Nevertheless, word had got through to Khalil that we were looking for Azam, and he himself posted a message to us on his Facebook page, inviting us to meet him. He was in Hamburg, only 500 miles north. We got up at six, again, and drove seven hours to Hamburg. Except when we arrived, Khalil was no longer answering his phone.

Hopelessly, we drove around the suburb where the camp was. This was low-tech, old-fashioned, gumshoe journalism and as bonkers as it sounds, it worked. We were trying to park the car when there they were, the uncle and a small boy — Azam.

He is one of thousands and thousands of young children on the refugee trail.

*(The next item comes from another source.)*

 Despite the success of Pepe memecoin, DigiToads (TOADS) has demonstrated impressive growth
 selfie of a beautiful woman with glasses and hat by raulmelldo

The United Nations refugee agency in Serbia says more than a quarter of people now passing through are under 18. And we saw ample evidence of this ourselves on our journey.

There were children soaked by the rain and cramped together in the crowds of people waiting to cross the border.

Looking on Facebook groups of missing people, we've seen 15 cases of children missing on the refugee route.

But we've just heard that Azam's mom and dad arrived in southern Germany.

There is no sign of the war in Syria ending any time soon, but in all this darkness the story of Azam, once so full of pain, now so full of fun, is a point of light.

This story was cross-posted with our partners at BBC News.